Remus Project Brings Transparent High Availability To Xen

Remus Project Brings Transparent High Availability To Xen 137

Posted by timothy on Wednesday November 11, 2009 @06:48PM from the when-servers-go-south-a-song dept.

An anonymous reader writes "The Remus project has just been incorporated into the Xen hypervisor. Developed at the University of British Columbia, Remus provides a thin layer that continuously replicates a running virtual machine onto a second physical host. Remus requires no modifications to the OS or applications within the protected VM: on failure, Remus activates the replica on the second host, and the VM simply picks up where the original system died. Open TCP connections remain intact, and applications continue to run unaware of the failure. It's pretty fun to yank the plug out on your web server and see everything continue to tick along. This sort of HA has traditionally required either really expensive hardware, or very complex and invasive modifications to applications and OSes."

Remus Project Brings Transparent High Availability To Xen

This discussion has been archived. No new comments can be posted.

Search 137 Comments Log In/Create an Account

Comments Filter:

Re:It's pretty fun (Score:2, Insightful)

by Fulcrum of Evil ( 560260 ) writes: on Wednesday November 11, 2009 @06:56PM (#30067032)

if it's a webserver, what's the big deal? Run 4 and if 1 drops off, stop sending it requests. For an app server, I can see the advantages.

state transfer (Score:4, Insightful)

by girlintraining ( 1395911 ) writes: on Wednesday November 11, 2009 @07:03PM (#30067110)

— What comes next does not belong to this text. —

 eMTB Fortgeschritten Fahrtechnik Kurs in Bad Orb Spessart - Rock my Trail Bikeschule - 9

... Of course, this ignores the fact that if it's a software glitch, it'll happily replicate the bug into the copy. Also, there are certain hardware bugs that will also replicate: Mountain dew spilled on top of the unit, for example. There's this huge push for virtualization, but it only solves a few classes of failure conditions. No amount of virtualization will save you if the server room starts on fire and the primary system and backup are colocated. Keep this in mind when talking about "High Availability" systems.
On a different note, nothing that's claimed to be transparent in IT ever is. Whenever I hear that word, I usually cancel my afternoon appointments... Nothing is ever transparent in this industry. Only managers use that word. The rest of us use the term "hopefully".

Re:Already done by VMware (Score:3, Insightful)

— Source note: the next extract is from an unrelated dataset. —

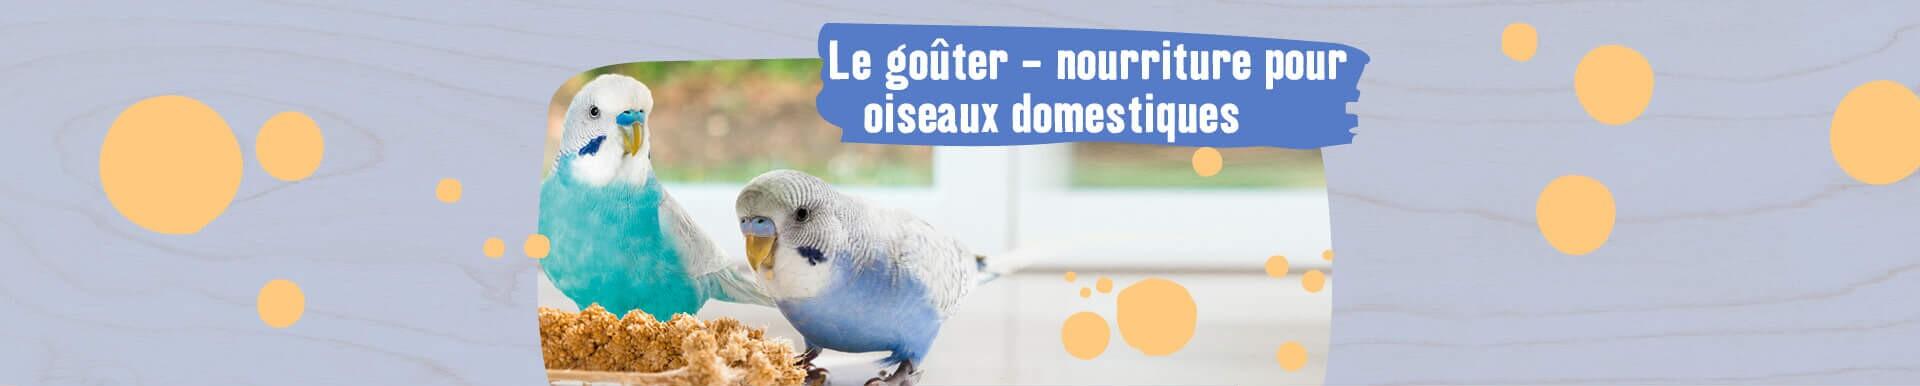 Nourriture pour oiseaux domestiques

by palegray.net ( 1195047 ) writes: <philip DOT paradis AT palegray DOT net> on Wednesday November 11, 2009 @07:18PM (#30067242) Homepage Journal

I'll bet a paycheck that prior art in various incarnations would handily dispatch any such patent. As for it already being done by VMware, a lot of organizations prefer a purely open source solution, and Xen works extremely well for many companies.

Re:Already done by VMware (Score:1, Insightful)

by illegibledotorg ( 1123239 ) writes: on Wednesday November 11, 2009 @07:24PM (#30067294)

Yeah, and at a great price point. *rolleyes*

IIRC, to get this kind of functionality from ESX or vSphere you have to pay licenses numbering in the thousands of dollars for each VM host as well as a separate license fee for their centralized Virtual Center management system. I'm glad to see that this is finally making it into the Xen mainline.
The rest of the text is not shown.